3. Impact & Severity
A successful attack is one thing; a devastating one is another. This pillar assesses the real-world consequences if your discovered vulnerability were exploited. You must articulate a plausible and severe threat scenario.
- Harm Potential: The severity of the outcome. Generating misinformation is harmful, but generating code for a critical vulnerability or providing instructions for creating a weapon is far more severe.
- Scalability: How easily could an adversary automate and scale this attack to affect many users? An attack requiring manual, nuanced interaction is less scalable than one triggered by a simple, copy-pastable prompt.
- Plausibility: The realism of the threat actor and scenario you describe. Is this a vulnerability a real adversary would likely find and use?
4. Reporting & Clarity
A brilliant discovery is useless if no one can understand or reproduce it. This pillar evaluates your ability to communicate your findings effectively, which is a critical skill for any red teamer.
- Reproducibility: The quality of your documentation. Can a judge or a developer follow your steps and replicate the vulnerability without ambiguity?
- Root Cause Analysis: Your explanation of *why* the attack works. Do you demonstrate an understanding of the underlying model mechanics that lead to the failure?
- Mitigation Suggestions: The quality and feasibility of your proposed defenses. This shows you’re thinking not just as an attacker, but also as a defender.
Scoring Models in Practice
Competition organizers typically combine these criteria into a weighted scoring model. While the exact weights vary, this approach ensures a balanced assessment. Below is a breakdown of how these criteria are often operationalized.
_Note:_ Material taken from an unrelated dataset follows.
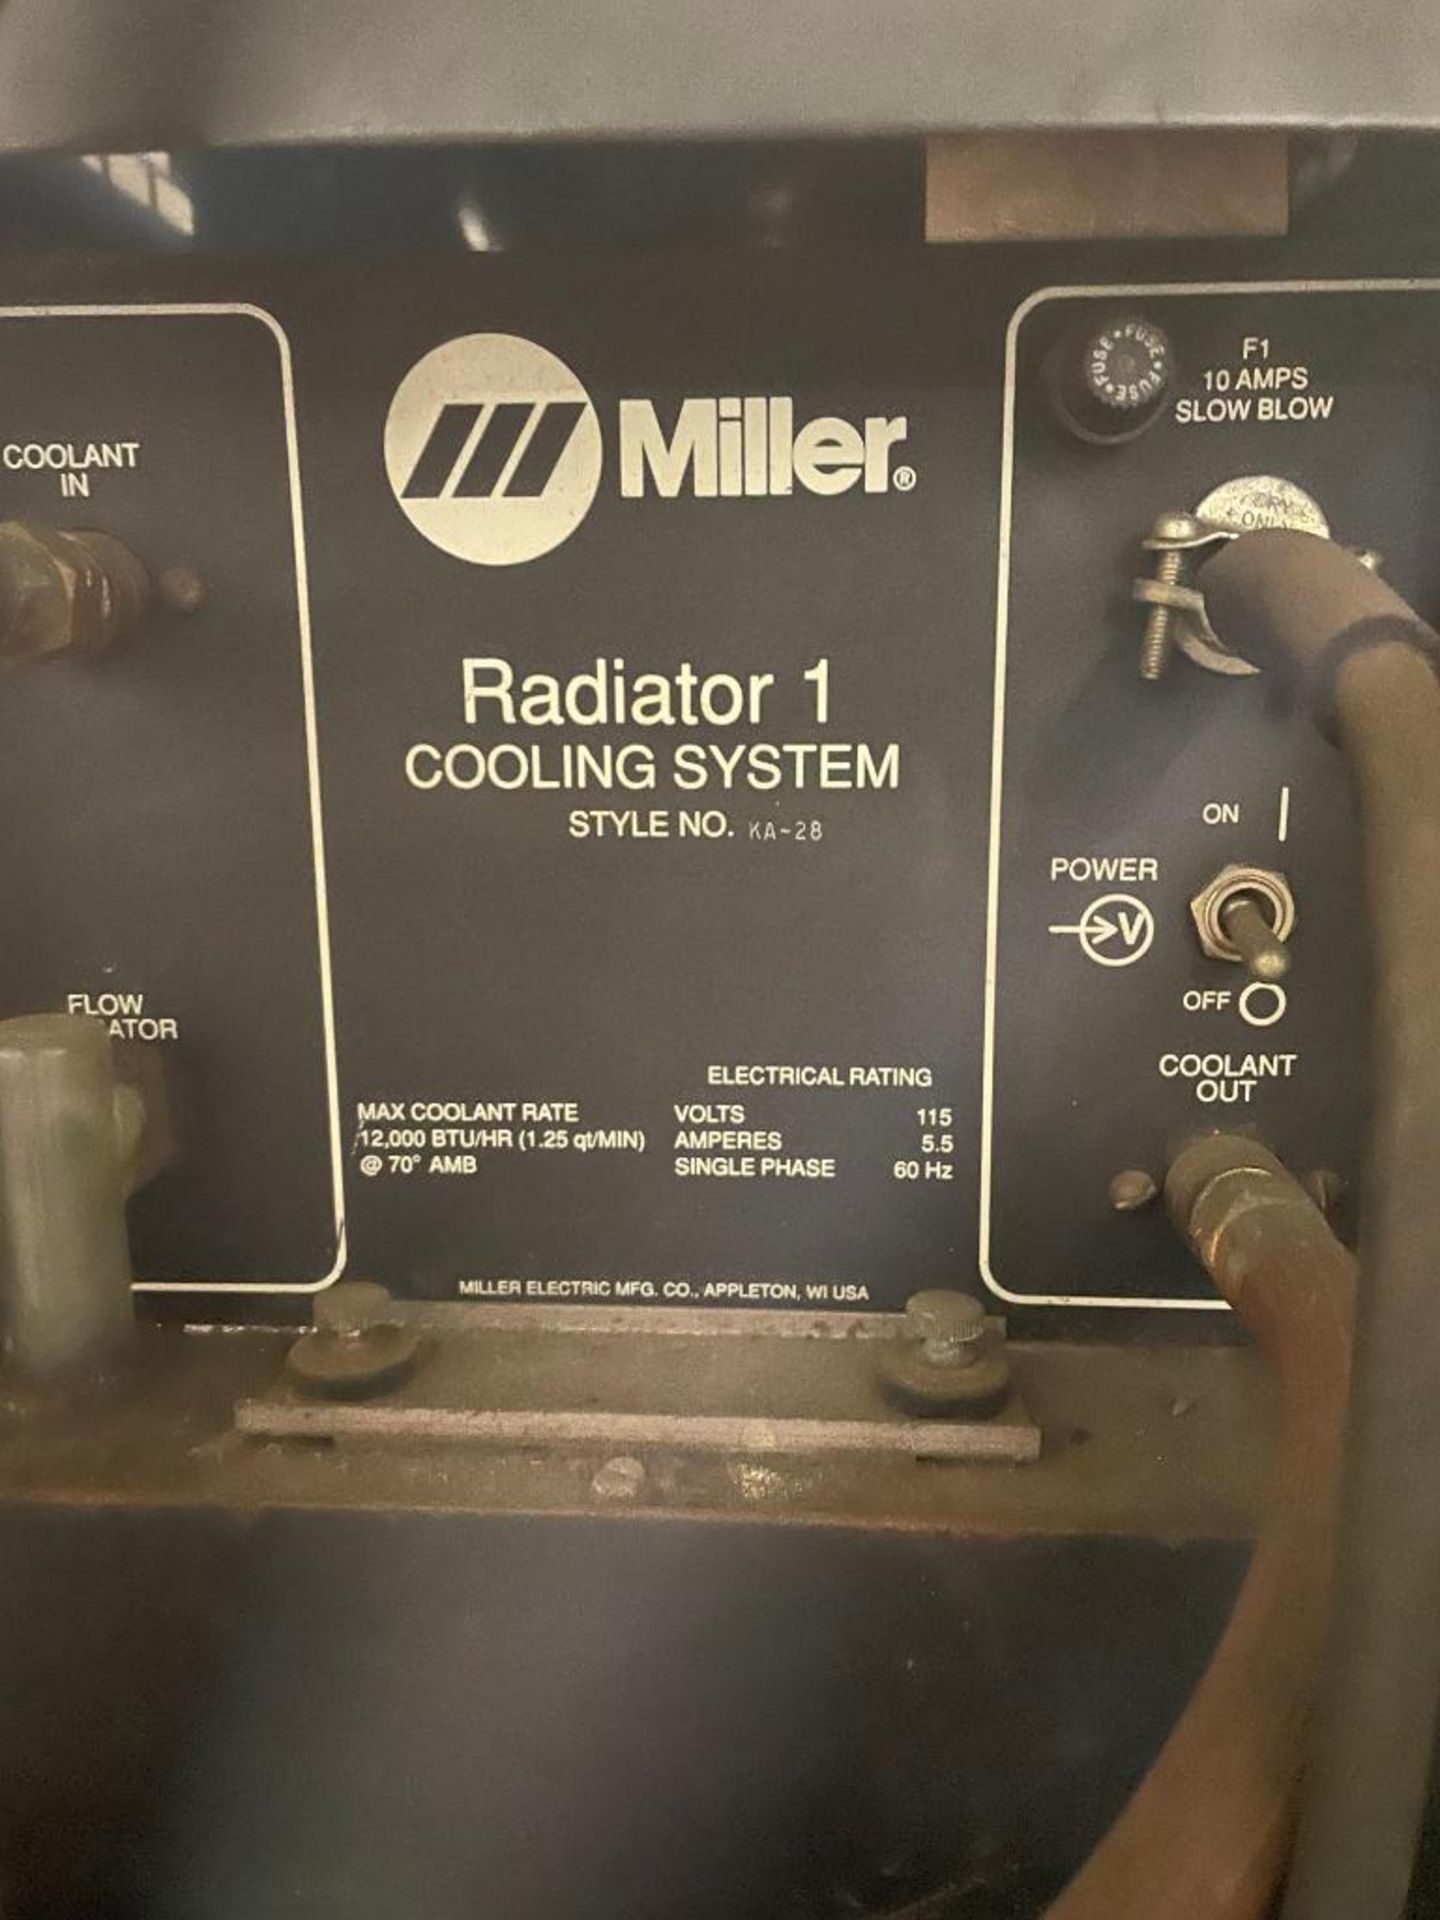 DESCRIPTION: MILLER RADIATOR 1 COOLING SYSTEM KA-28 BRAND/MODEL: MILLER KA-28 QTY: 1 - Image 5 of 5

| Criterion | Description | Example of a High-Scoring Submission | Typical Weighting |
|---|---|---|---|
| Success / Flags | Raw count of successful exploits against defined targets. | Team successfully jailbreaks 15 out of 20 challenges. | Low to Medium |
| Efficiency | Minimizing resources (e.g., queries, tokens) to achieve a goal. | A single, concise prompt bypasses a safety filter that normally resists long, complex attacks. | Low |
| Novelty | Discovery of a new, previously undocumented attack technique or vulnerability class. | Using character encoding tricks to create a “semantic blind spot” in a model’s tokenizer. | High |
| Impact | Demonstration of a severe, plausible, and scalable real-world harm. | An exploit that reliably extracts personally identifiable information (PII) from the model’s training data. | High |
| Report Quality | Clarity, reproducibility, and depth of the written submission. | A report with clear steps, screenshots, a hypothesis for the root cause, and actionable mitigation advice. | Medium |
The final score for a submission is often a calculated value. Organizers might use a formula to combine quantitative points (from flags) with qualitative scores (from judges) for novelty, impact, and reporting.
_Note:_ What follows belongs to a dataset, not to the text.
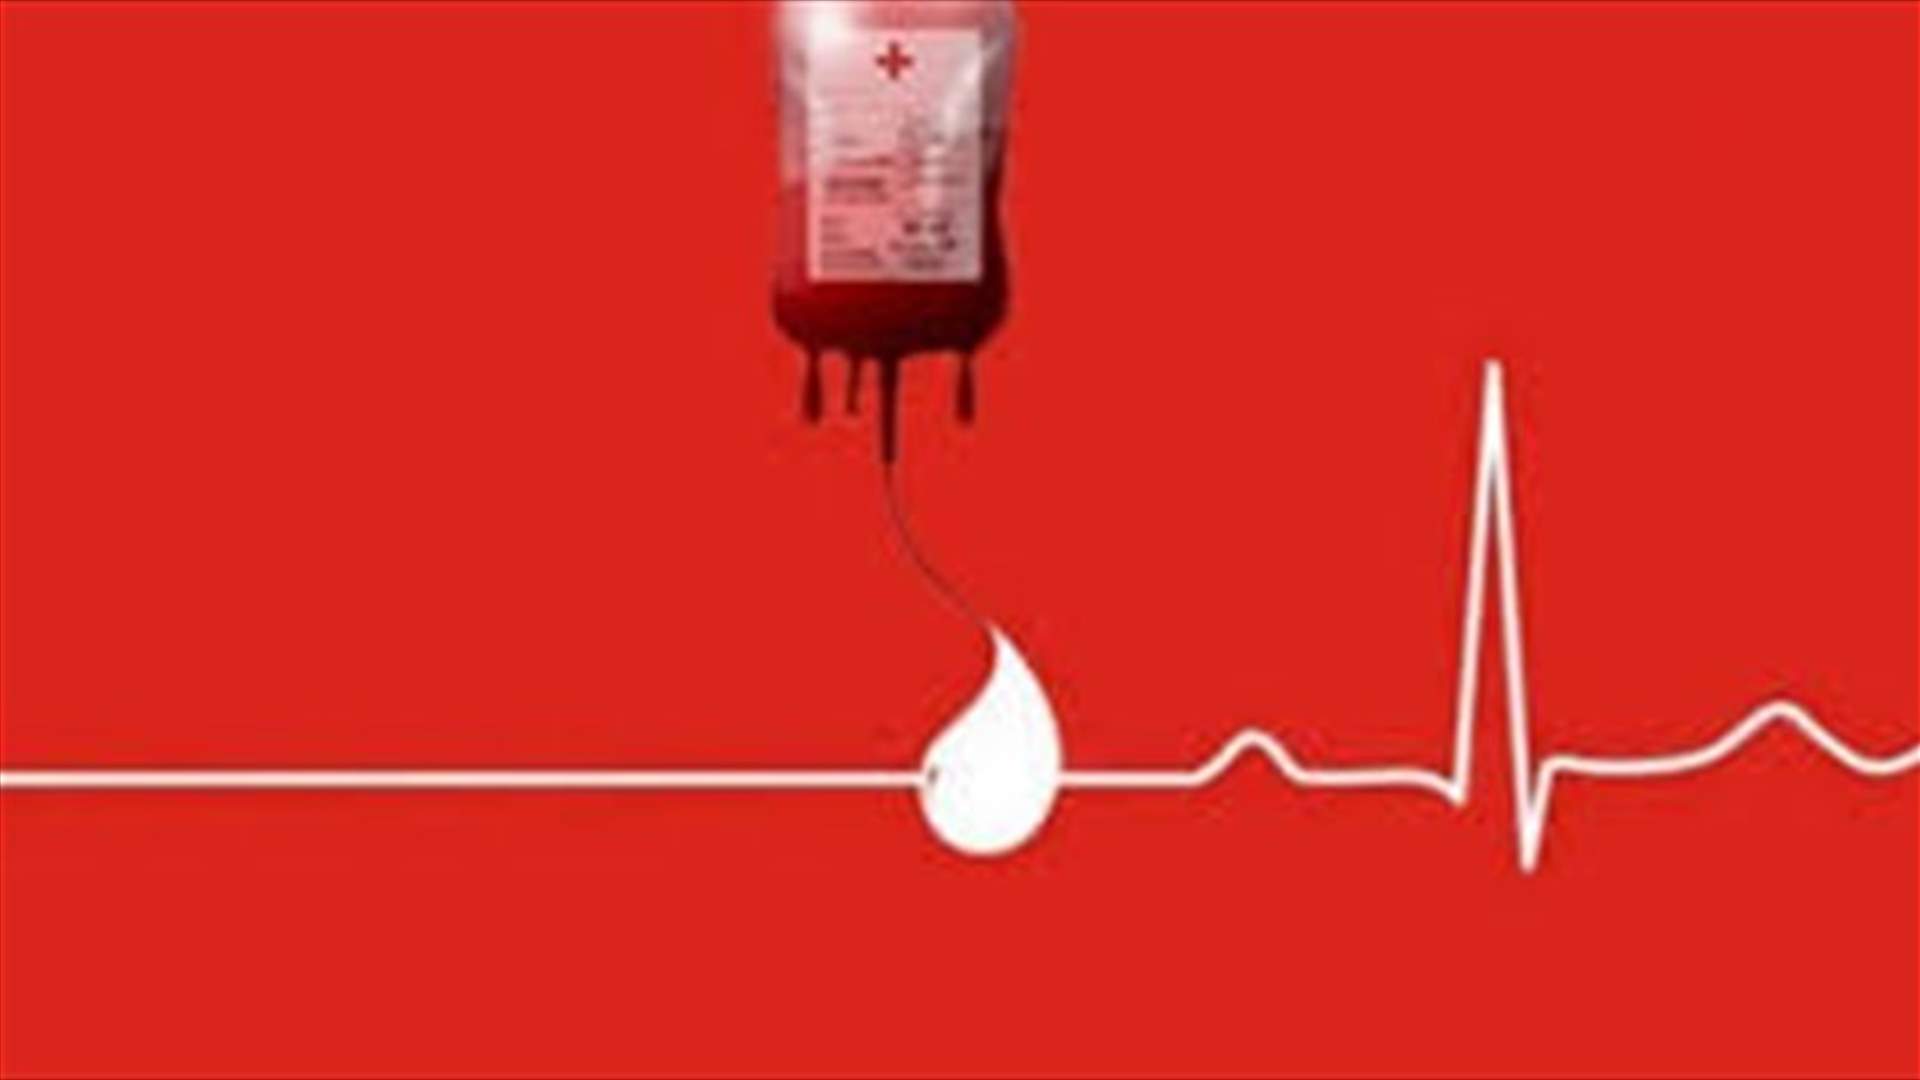 مريضة بحاجة ماسّة لوحدات دم من فئة O+ في مركز الصليب الأحمر الحمرا – سبيرز للتبرّع الرجاء الاتصال على الرقم: 03679210

# Pseudocode for a typical weighted scoring function
def calculate_final_score(submission):
# Base points from automated checks
flag_score = submission.flags_captured * 10
# Judges' scores (on a scale of 1-10)
novelty = submission.judge_score_novelty
impact = submission.judge_score_impact
clarity = submission.judge_score_clarity
# Define weights for each qualitative category
# Note: Novelty and Impact are often weighted highest
weights = {
"novelty": 0.40,
"impact": 0.40,
"clarity": 0.20
}
# Calculate the qualitative bonus score
quality_bonus = (novelty * weights["novelty"] +
impact * weights["impact"] +
clarity * weights["clarity"]) * 100 # Scale factor
total_score = flag_score + quality_bonus
return total_score
Ultimately, the evaluation criteria are designed to reward the holistic skill set of an AI red teamer. Success isn’t just about finding a flaw; it’s about understanding its nature, articulating its danger, and contributing to a more secure AI ecosystem.